Records from a collection |
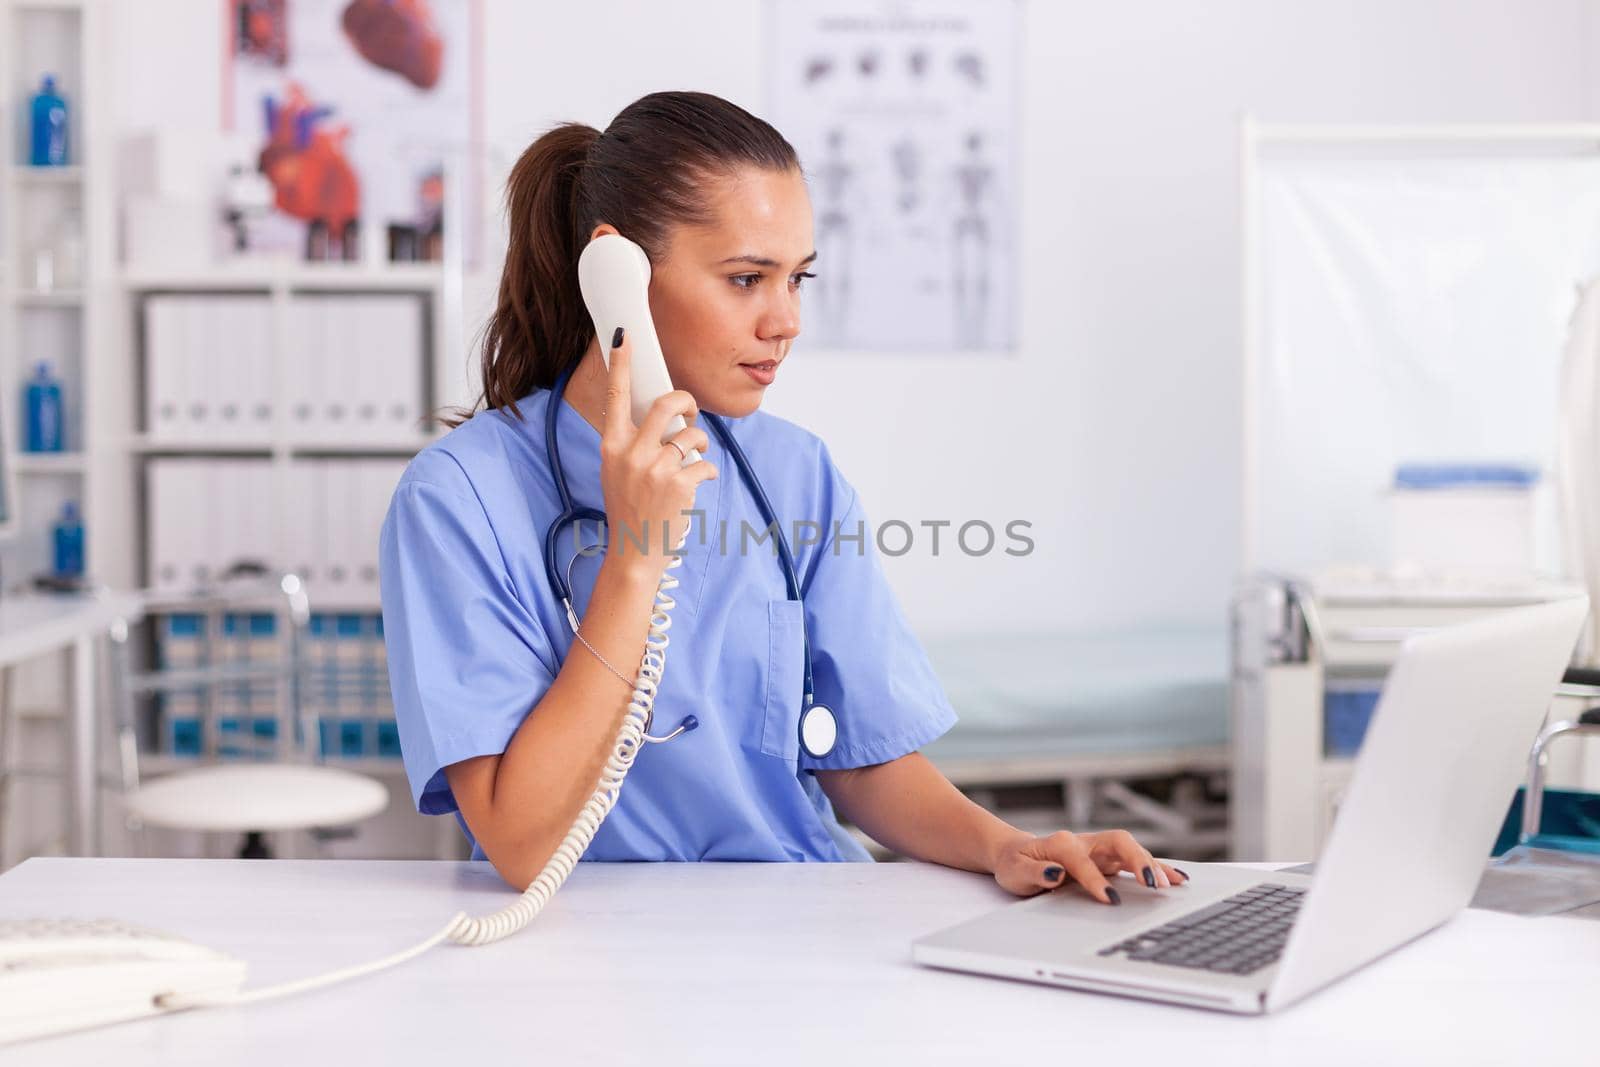 Medical practitioner answering phone calls by DCStudio
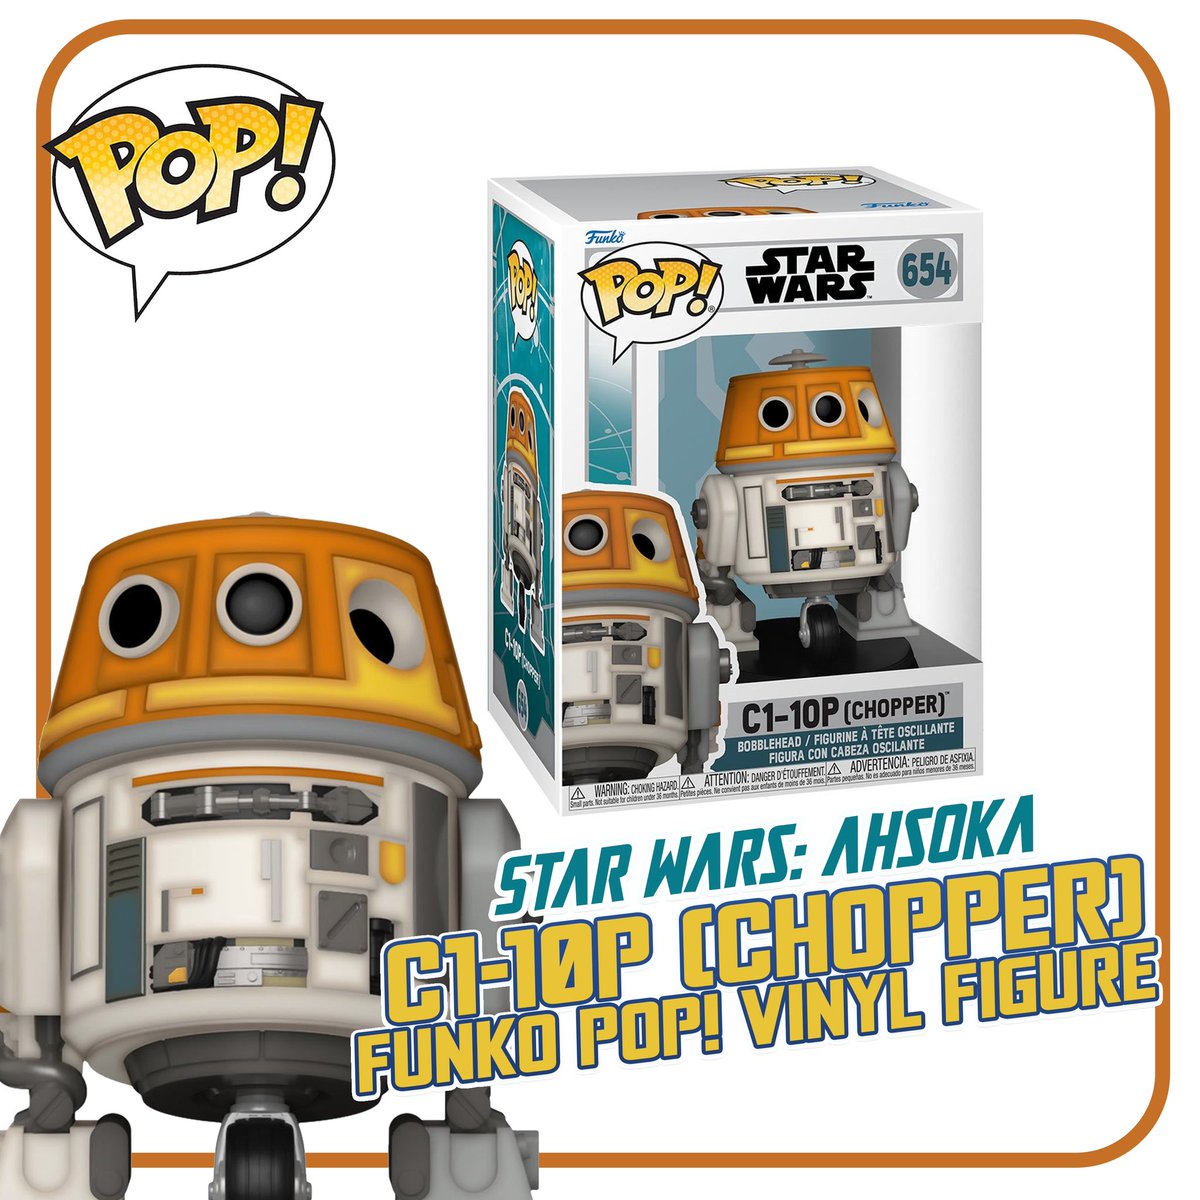 Everyone’s favorite war criminal is now a #Funko Pop! figure! And he can be yours now, courtesy of @EntEarth!

Buy here 👉 ow.ly/nMxe50PYizO

#Ad #FreeProduct #iCollectAtEE #EntertainmentEarth #Affiliate #StarWars #StarWarsRebels #Chopper #Ahsoka #Droid #FunkoPop
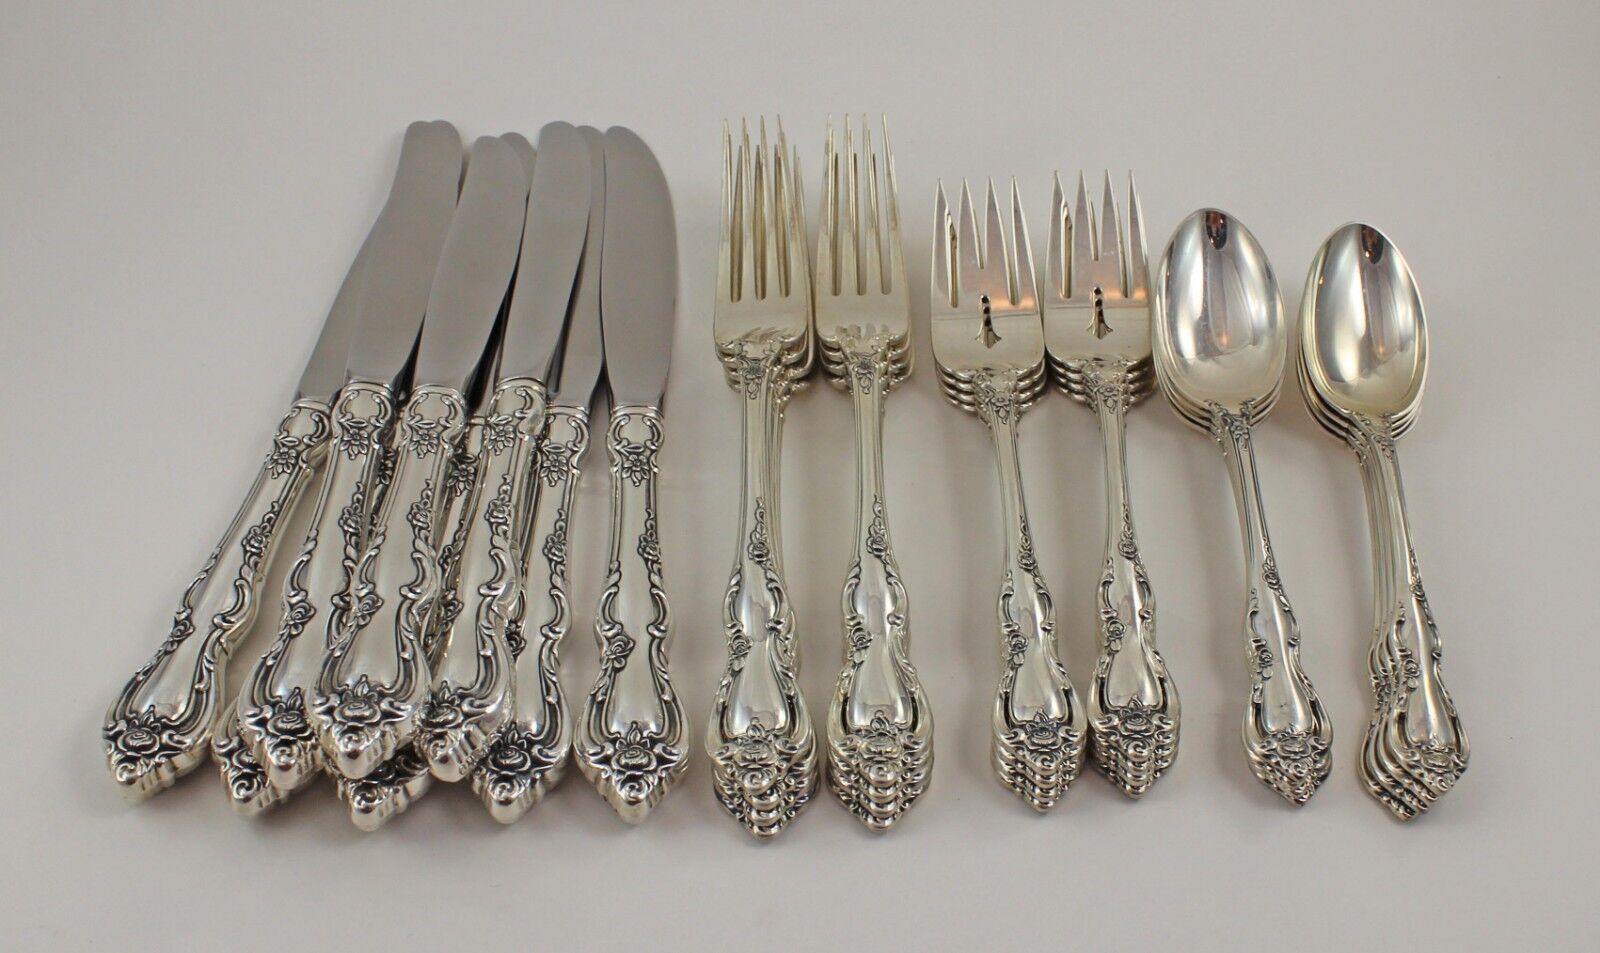 Towle Spanish Provincial Sterling Silver 8 Person Set - 32 Pieces - No Monogram

About this task | All that belongs in the answer is the lines from the line with "Buy here 👉 ow.ly/nMxe50PYizO" through the closing line of the entries, inclusive, transcribed exactly and free of pictures.

Solution to this exercise |
Buy here 👉 ow.ly/nMxe50PYizO

#Ad #FreeProduct #iCollectAtEE #EntertainmentEarth #Affiliate #StarWars #StarWarsRebels #Chopper #Ahsoka #Droid #FunkoPop
 Towle Spanish Provincial Sterling Silver 8 Person Set - 32 Pieces - No Monogram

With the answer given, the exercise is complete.